Task to complete = Nothing but the text should be carried over: reproduce all the data exactly and leave out every image.

Source material =
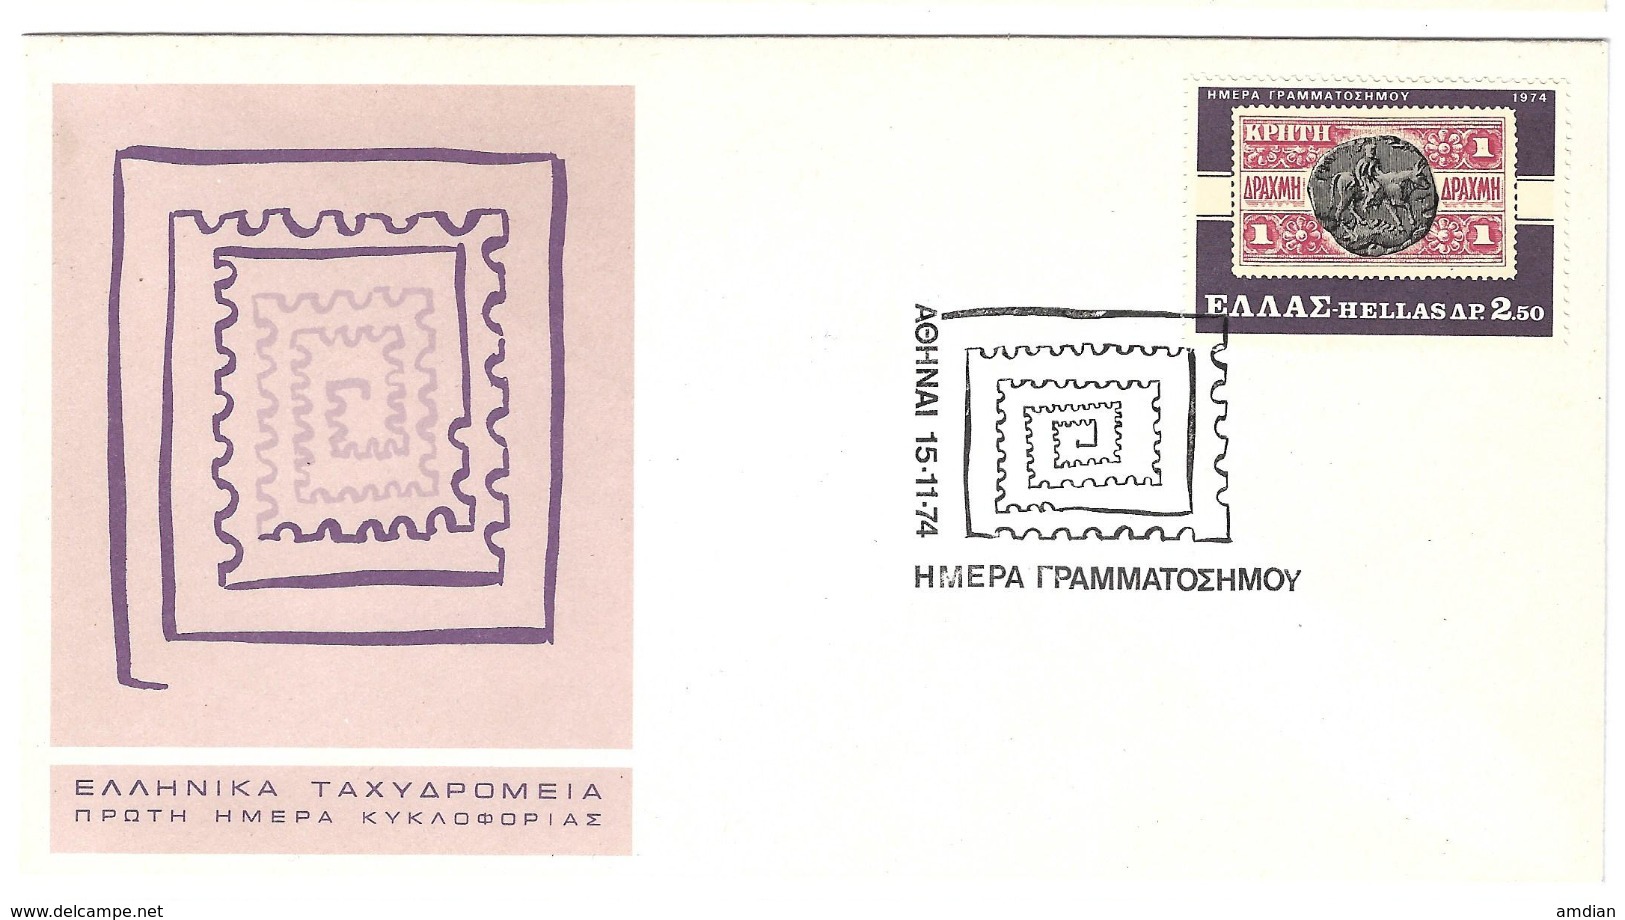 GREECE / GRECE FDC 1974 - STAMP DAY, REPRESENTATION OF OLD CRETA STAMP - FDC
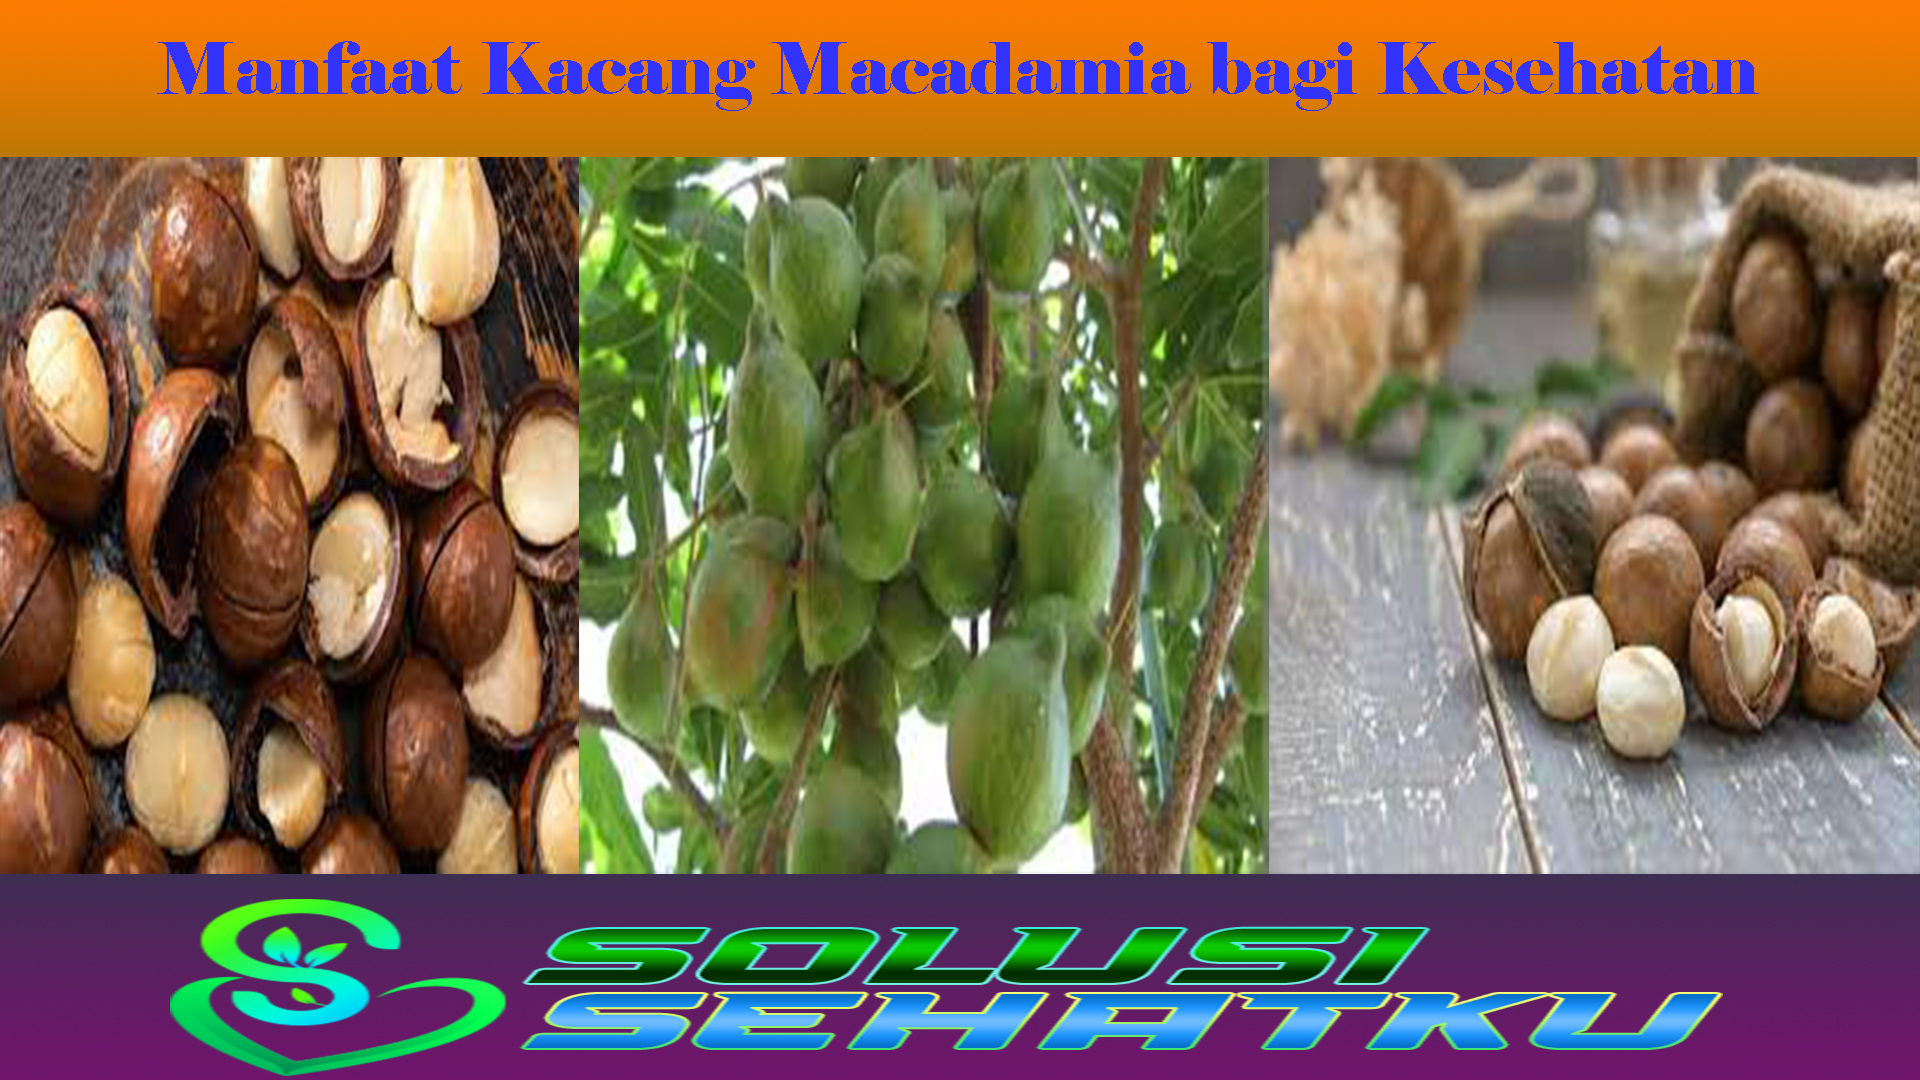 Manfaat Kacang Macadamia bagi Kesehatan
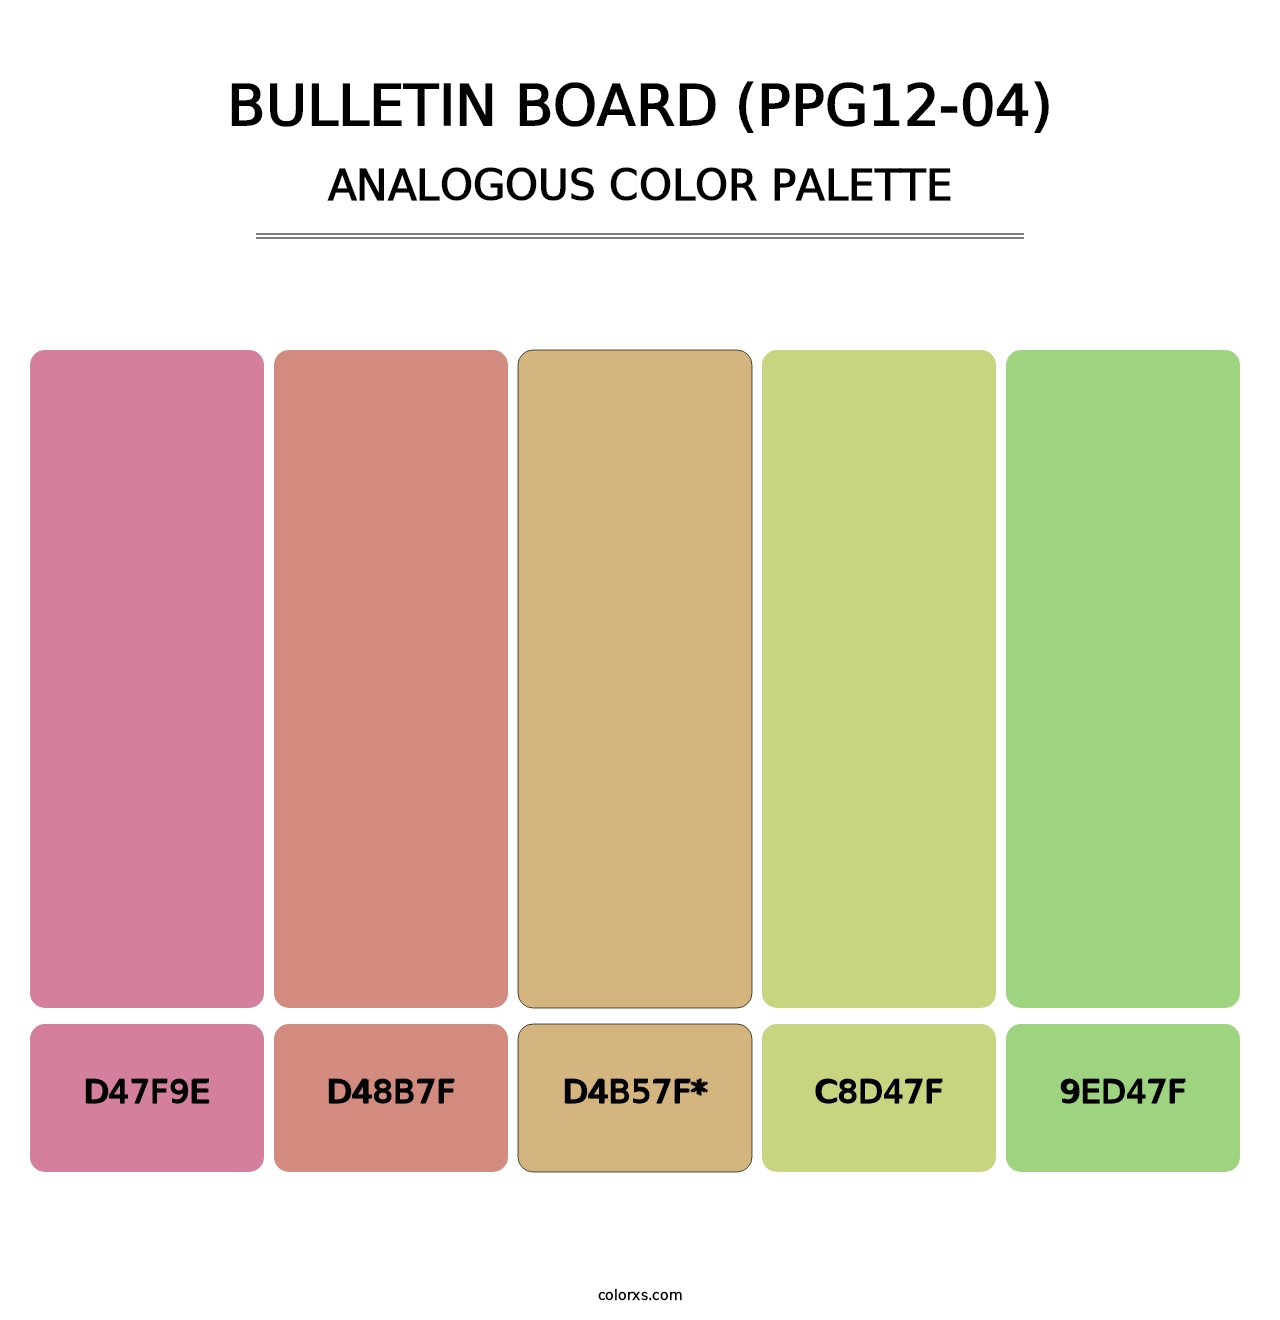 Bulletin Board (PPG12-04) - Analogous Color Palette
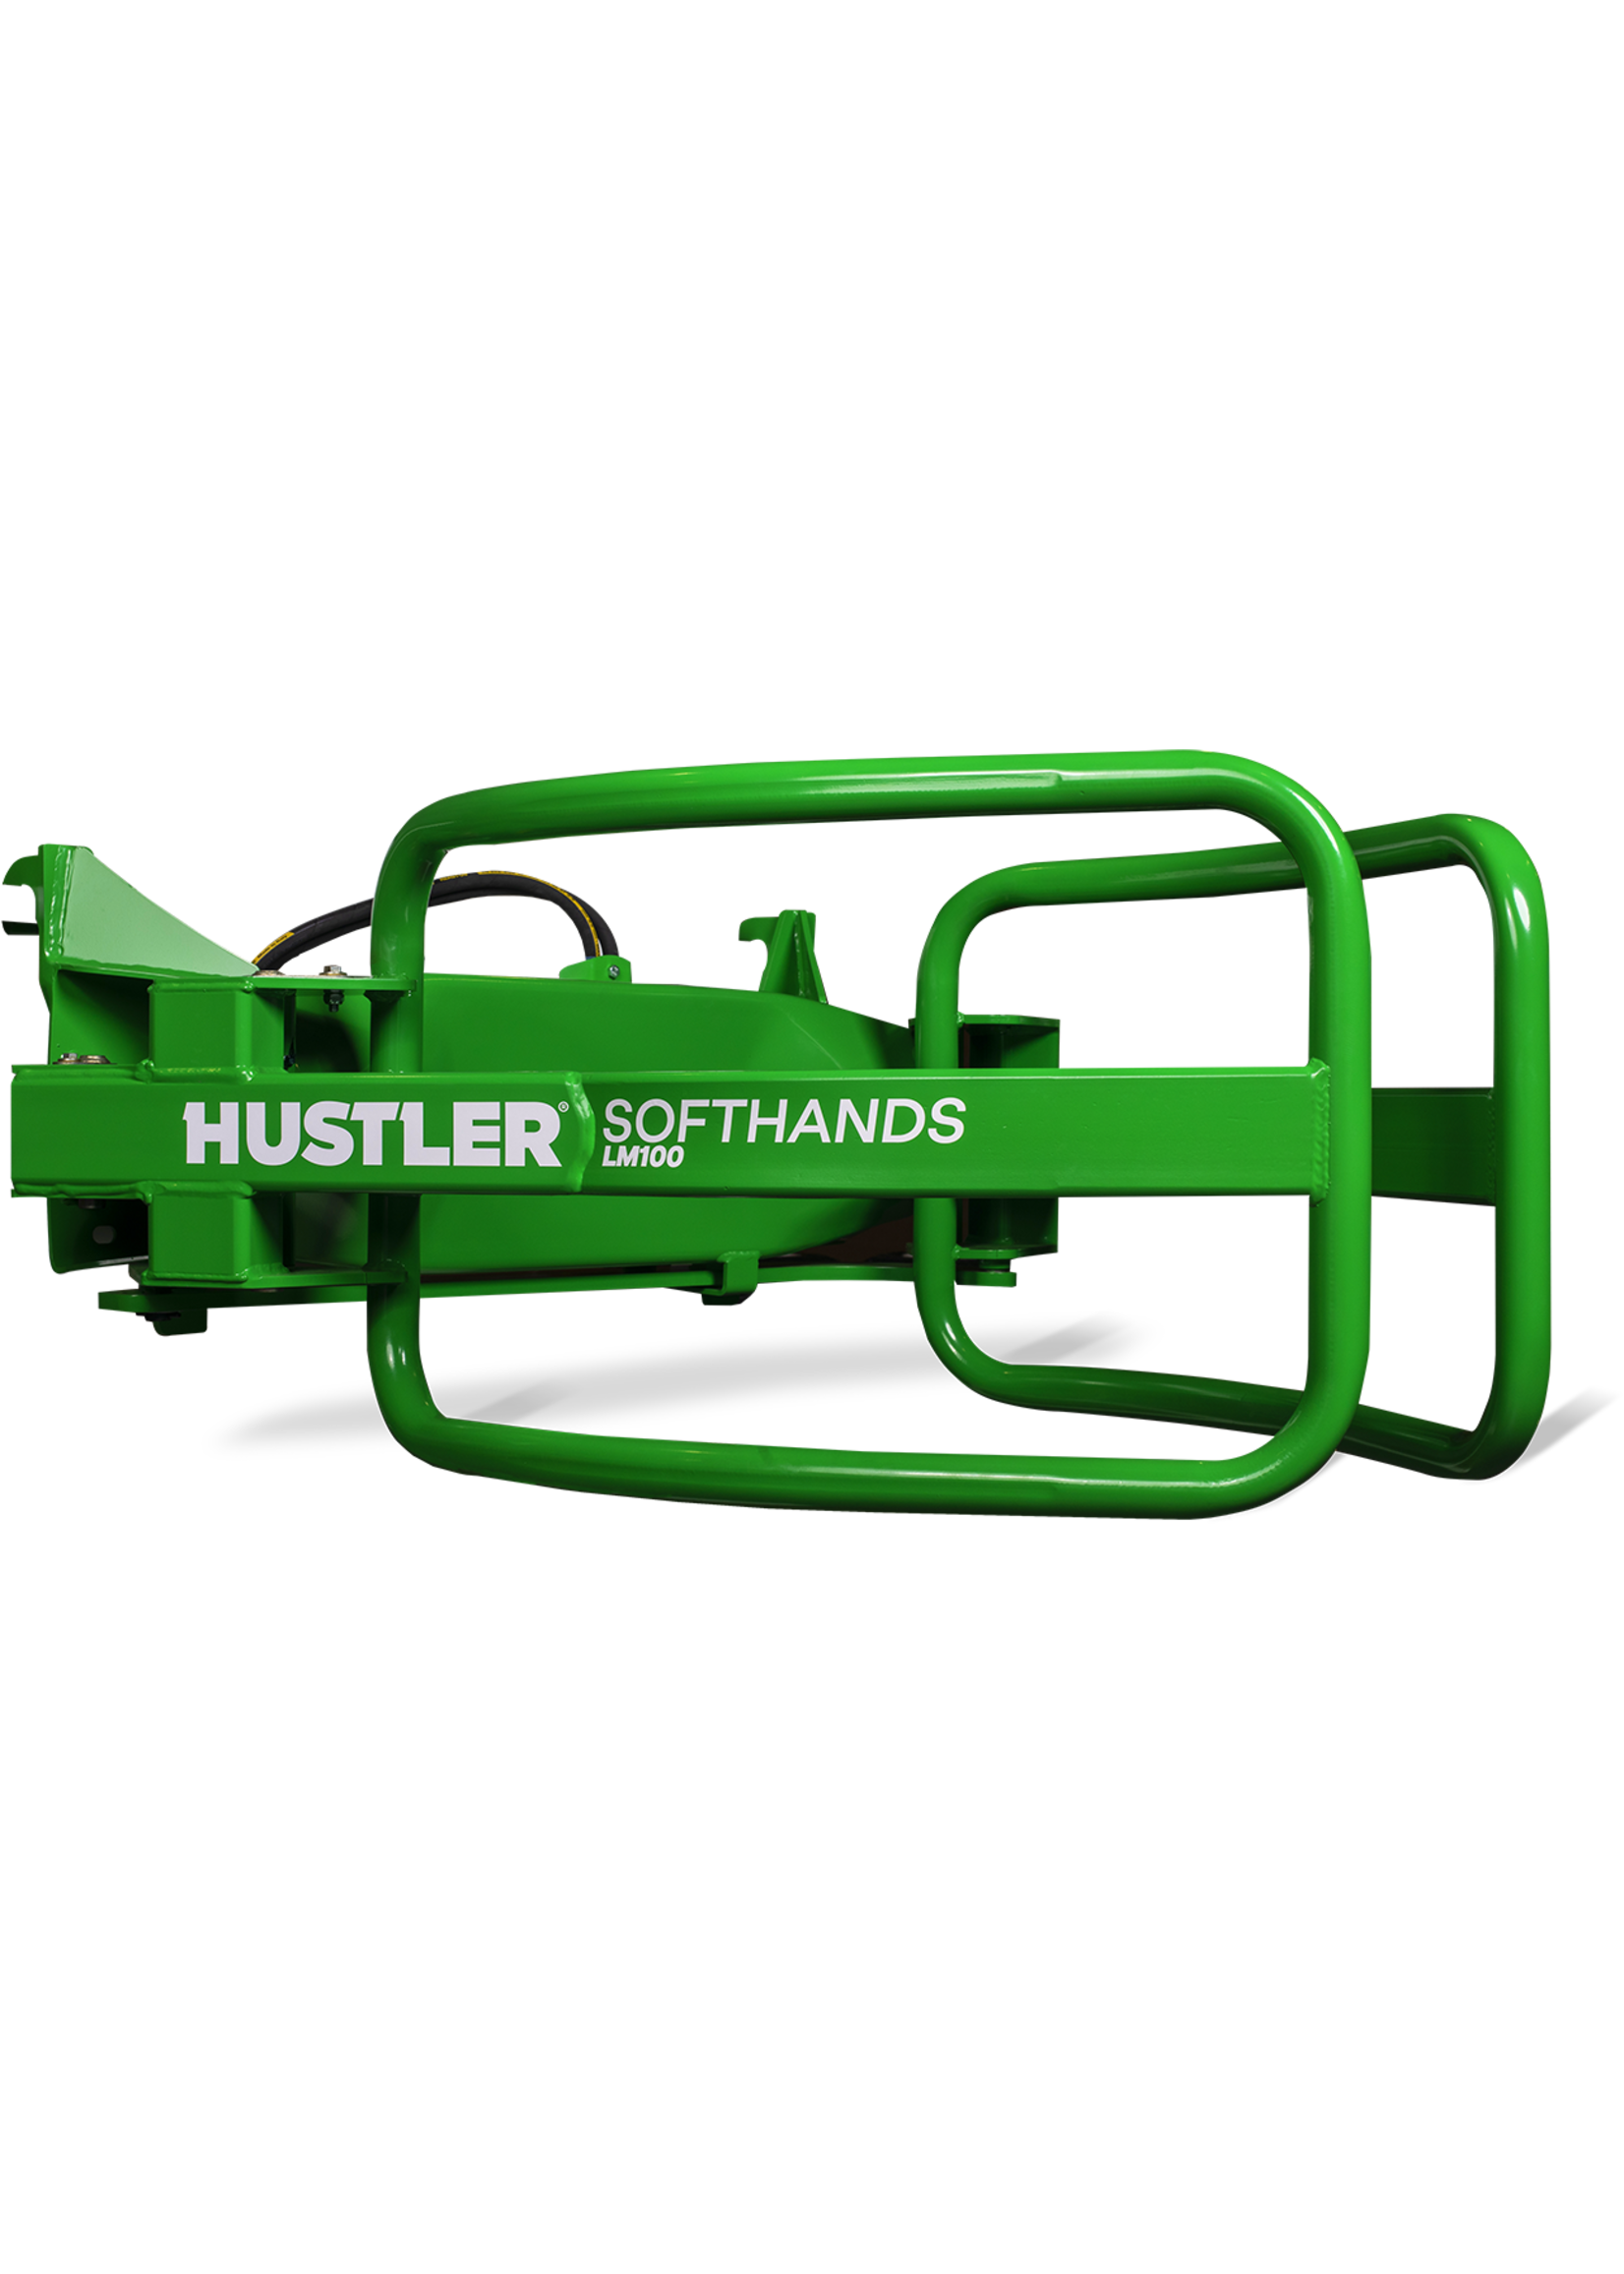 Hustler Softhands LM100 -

Solution to this problem =
 GREECE / GRECE FDC 1974 - STAMP DAY, REPRESENTATION OF OLD CRETA STAMP - FDC
 Manfaat Kacang Macadamia bagi Kesehatan
 Bulletin Board (PPG12-04) - Analogous Color Palette
 Hustler Softhands LM100 -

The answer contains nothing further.